Median The median is the most central value with respect to the distribution of a random variable $$X$$ in the sense that $P(X\leq{\rm Me}_X)\geq 1/2\quad\text{and}\quad P(X\geq{\rm Me}_X)\geq 1/2\,.$

Example (6-face fair die) Any value in the interval $$[3,4]$$ is a median of the outcome of the die.

Properties of the median

• $${\rm Me}_{aX+b}=a{\rm Me}_X+b$$, for any $$a,b\in{\mathbb R}$$;
• $${\rm Me}_{g(X)}=g({\rm Me}_X)$$ if $$g$$ is monotone;
• $${\mathbb E}|X-{\rm Me}_X|=\min_{x\in{\mathbb R}}{\mathbb E}|X-x|$$.

Quantiles For $$0<\alpha<1$$ the $$\alpha$$-quantile of random variable $$X$$ a number $$q_\alpha$$ such that $P(X\leq q_\alpha)\geq \alpha\quad\text{and}\quad P(X\geq q_\alpha)\geq 1-\alpha\,.$

The quantile function of random variable $$X$$ is defined as $F^{-1}_X(\alpha)=\inf\{x:\,F(x)\geq\alpha\}.$ A quantile function defined like this is:

• $$\lim\limits_{\alpha\downarrow 0}F^{-1}_X(\alpha)=\inf X(S)$$;
• $$\lim\limits_{\alpha\uparrow 1}F^{-1}_X(\alpha)=\sup X(S)$$;
• nondecreasing;
• left-continuous.

Example (6-face fair die)

$$X\equiv$$’outcome of a roll of a 6-face fair die’

$F^{-1}(x)=\left\{\begin{array}{ll}1&\textrm{ if }\,\,\,\,\,\,0<x\leq 1/6\\2&\textrm{ if }1/6<x\leq 2/6\\3&\textrm{ if }2/6<x\leq 3/6\\4&\textrm{ if }3/6<x\leq 4/6\\5&\textrm{ if }4/6<x\leq 5/6\\6&\textrm{ if }5/6<x\leq 1\end{array}\right..$

## 2.4 The Bernoulli process

A Bernoulli trial is a random experiment that can only result in two possible outcomes.
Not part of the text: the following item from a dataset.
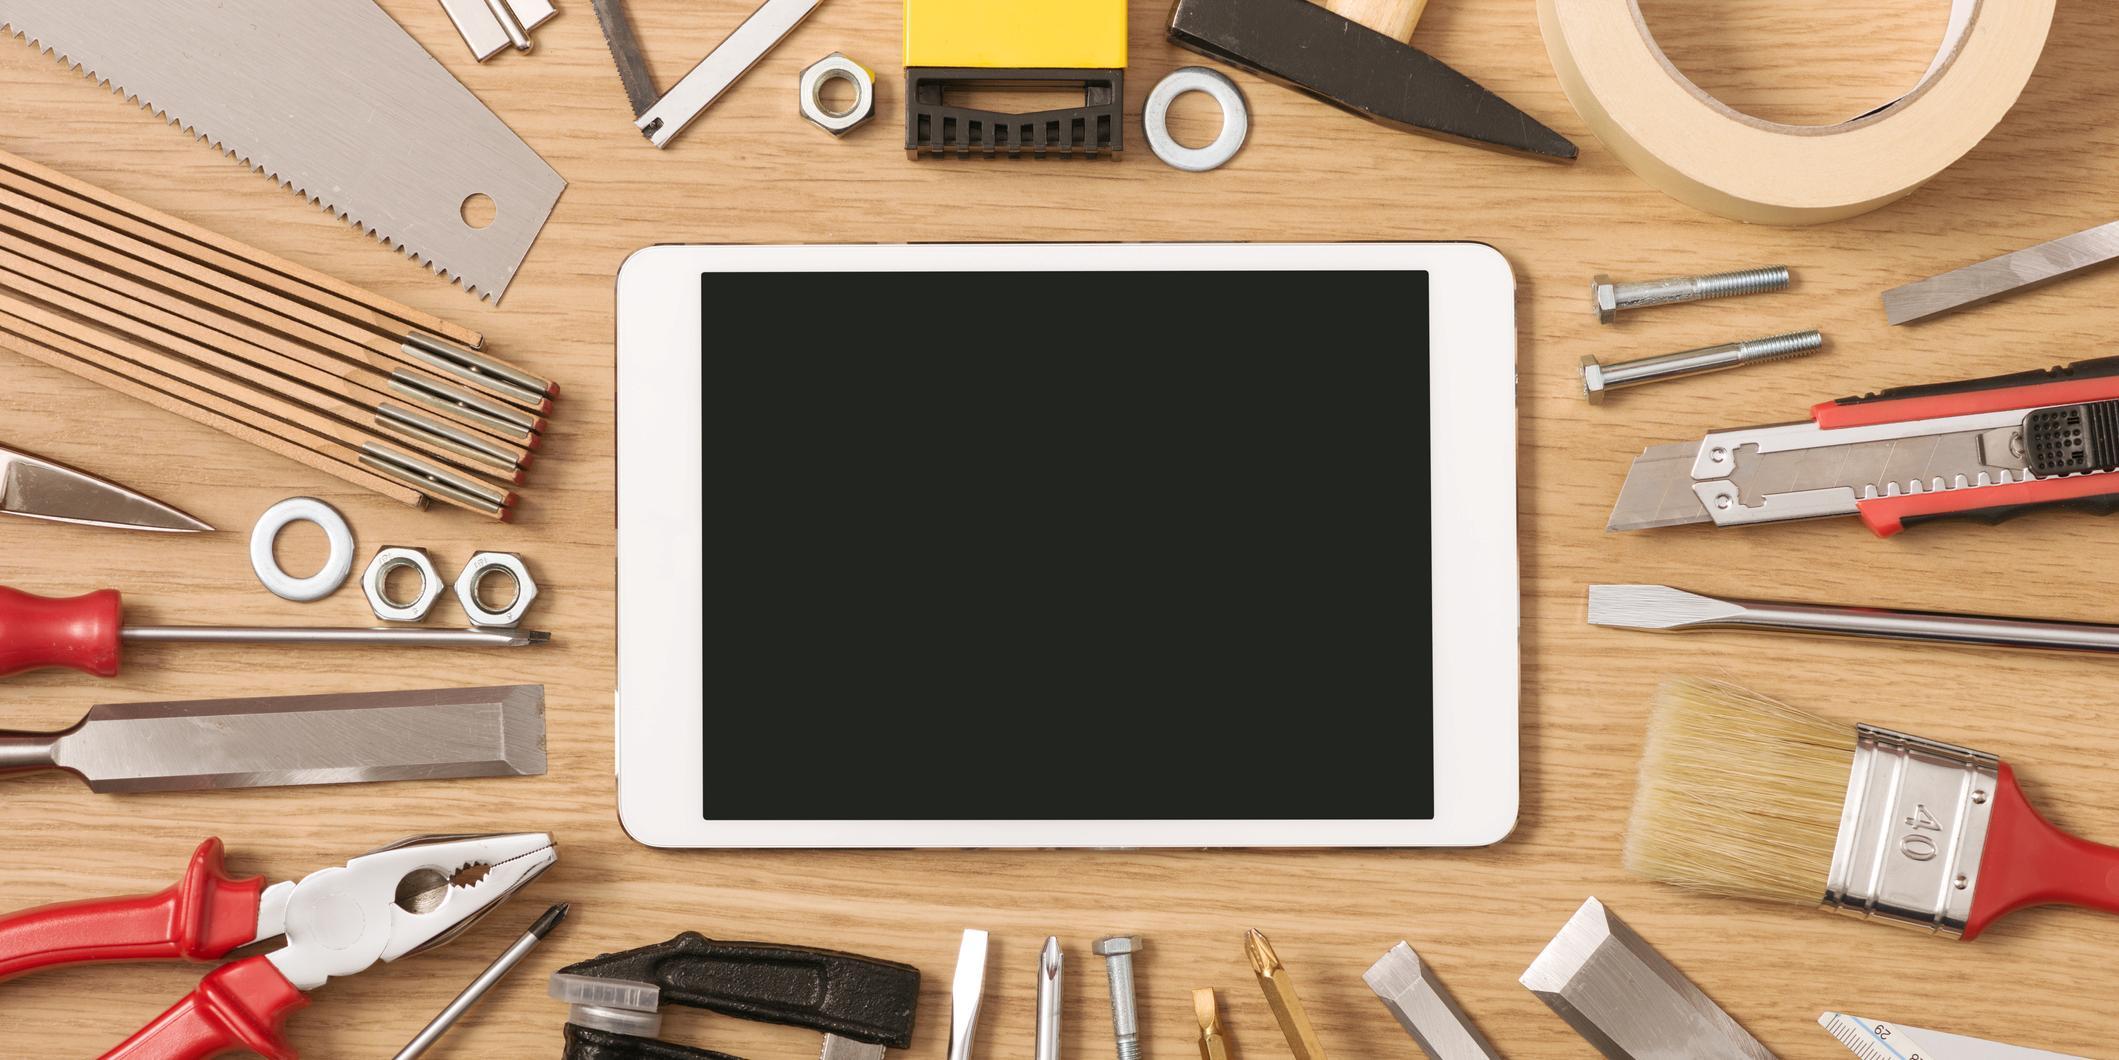 6 Top Tools zur Unterstützung von Marketing und Vertrieb

Commonly we refer to these outcomes as success (S) and failure (F). The probability of success is denoted by $$0<p<1$$ and this experiment can be repeated independently as many times as needed.

### 2.4.1 Binomial distribution binom(size,prob)

Consider a Bernoulli trial with probability of success $$p$$ and that is carried out independently $$n$$ times, a Binomial random variable $$X$$ with parameters $$n$$ and $$p$$ represents the number of trials that result in success.

$X\sim{\rm B}(n,p)$ $P(X=r)={n\choose r}p^r(1-p)^{n-r},\quad r\in\{0,1,\ldots,n\}$

dbinom(r,size=n,prob=p)

${\mathbb E}[X]=np\quad;\quad{\rm Var}[X]=np(1-p)$

If $$X\sim{\rm B}(n_1,p)$$ and $$Y\sim{\rm B}(n_2,p)$$ are indep., then $$X+Y\sim{\rm B}(n_1+n_2,p)$$.

Binomial probability mass function dbinom

r=c(0:10)
barplot(dbinom(r,size=10,prob=0.4),
names.arg=r,col="light blue")

Binomial random observations generation rbinom

set.seed(1)
x=rbinom(1000,size=10,prob=0.4)
barplot(table(x)/1000,col="light blue")

Binomial cumulative distribution function pbinom

t=seq(-1,11,by=.01)
plot(t,pbinom(t,size=10,prob=0.4),type="l")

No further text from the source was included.